◆ **Information shown**
====

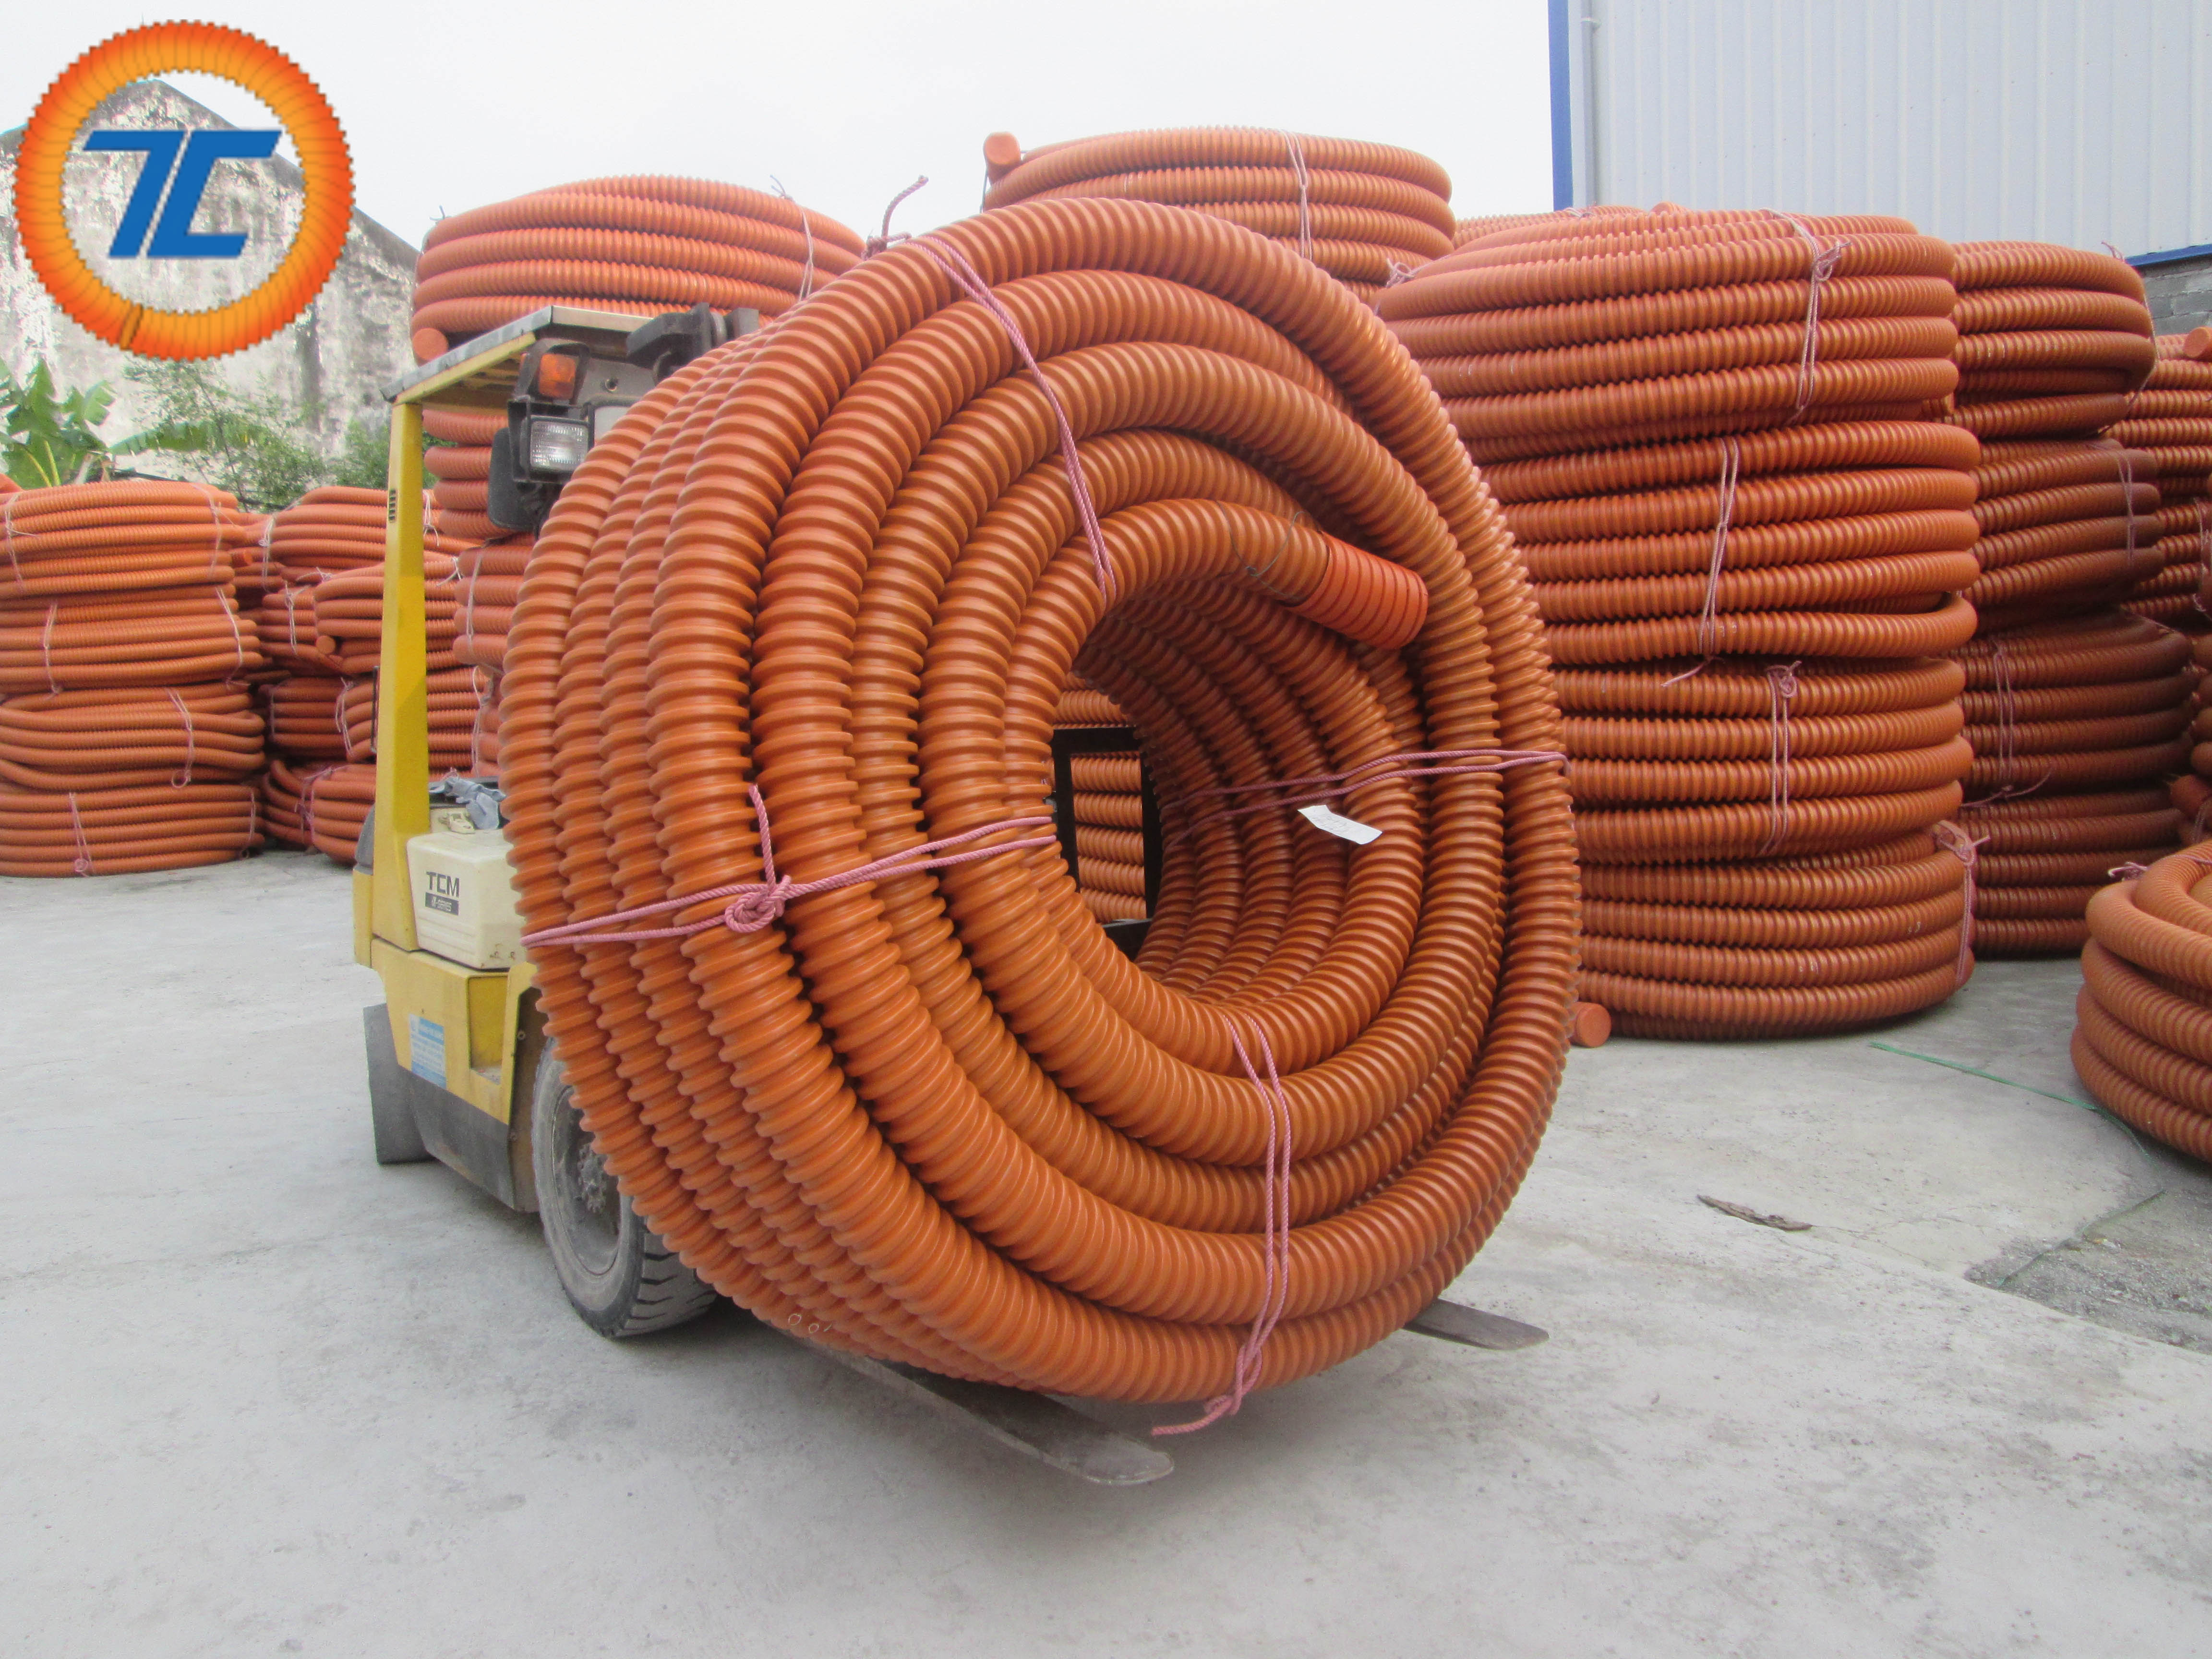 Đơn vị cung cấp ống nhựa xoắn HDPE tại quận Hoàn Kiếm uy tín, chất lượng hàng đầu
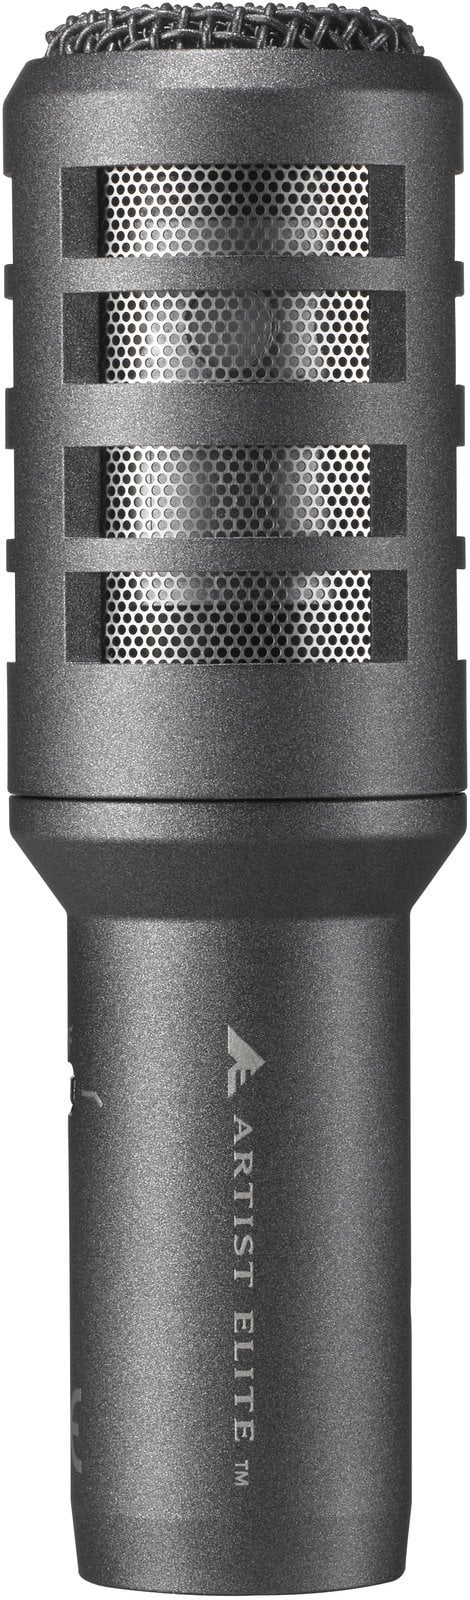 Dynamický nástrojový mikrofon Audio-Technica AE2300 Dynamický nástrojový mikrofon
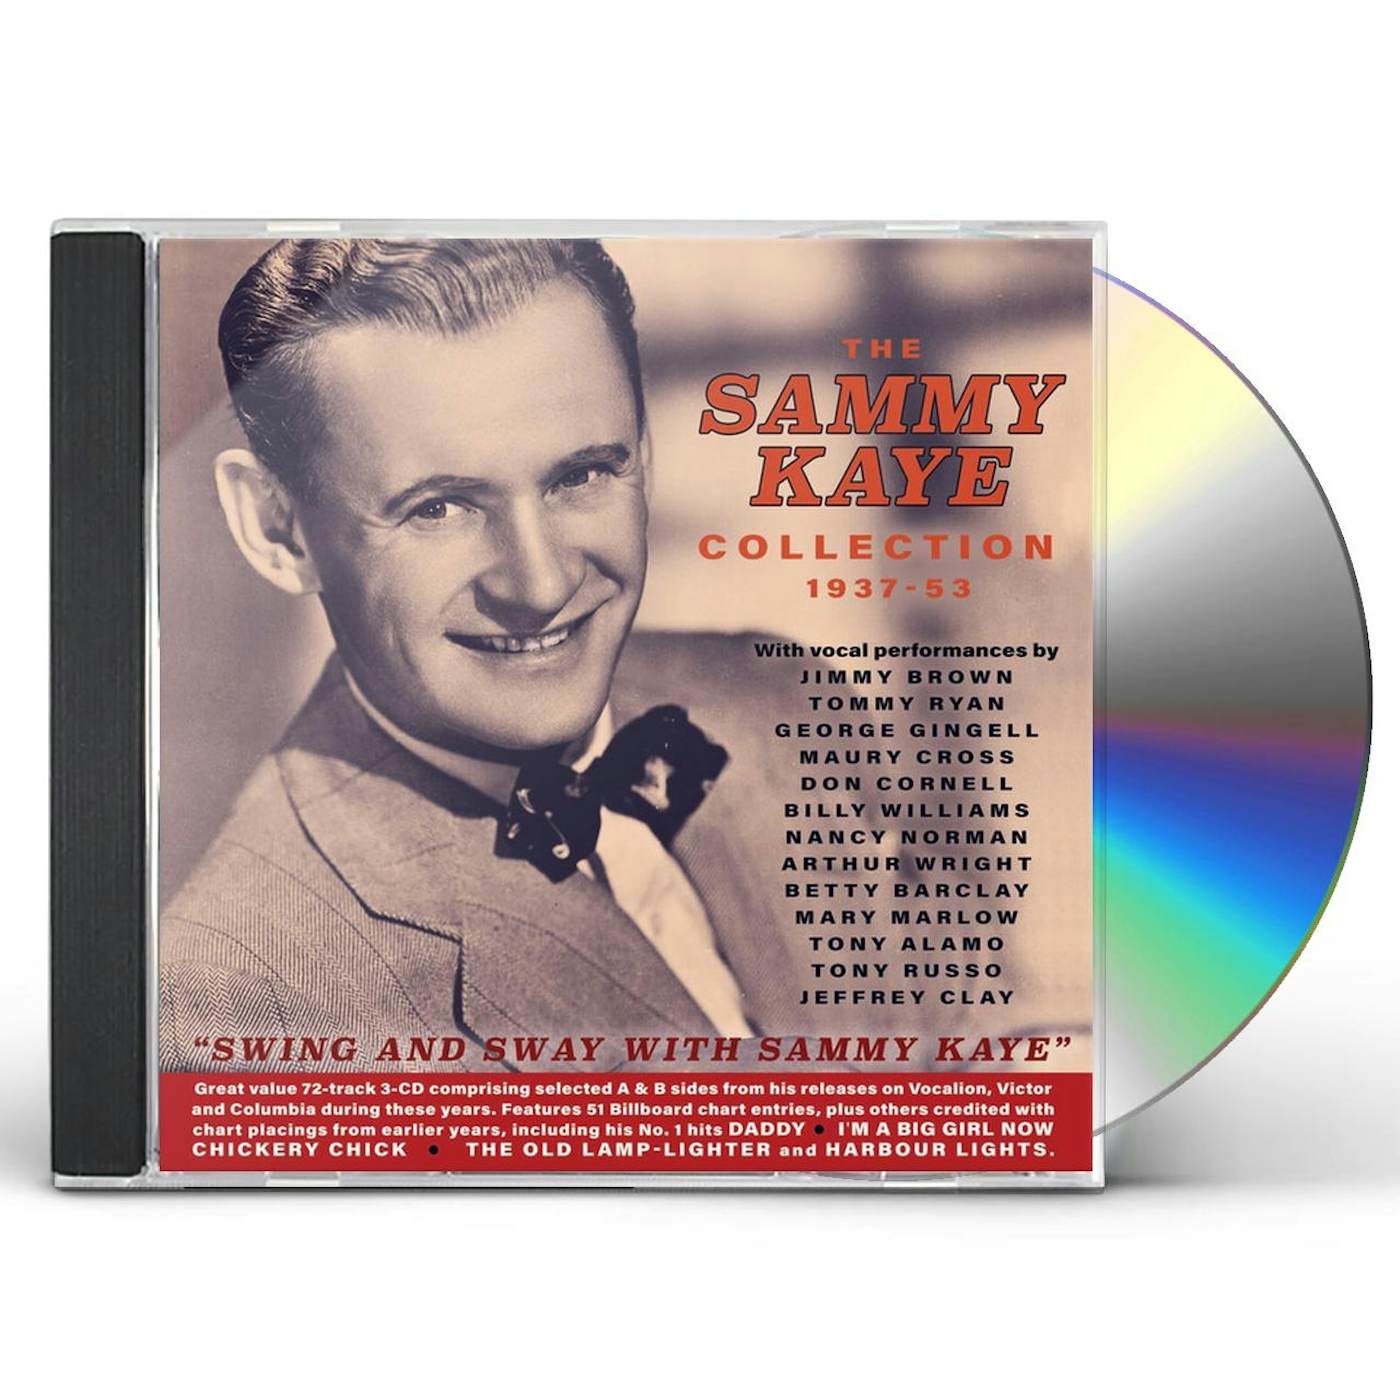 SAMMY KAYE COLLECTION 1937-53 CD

====

◆ **What is expected**
The expected output is every line of the data, unchanged, with the pictures skipped.

◆ **Answer to this problem**
 Đơn vị cung cấp ống nhựa xoắn HDPE tại quận Hoàn Kiếm uy tín, chất lượng hàng đầu
 Dynamický nástrojový mikrofon Audio-Technica AE2300 Dynamický nástrojový mikrofon
 SAMMY KAYE COLLECTION 1937-53 CD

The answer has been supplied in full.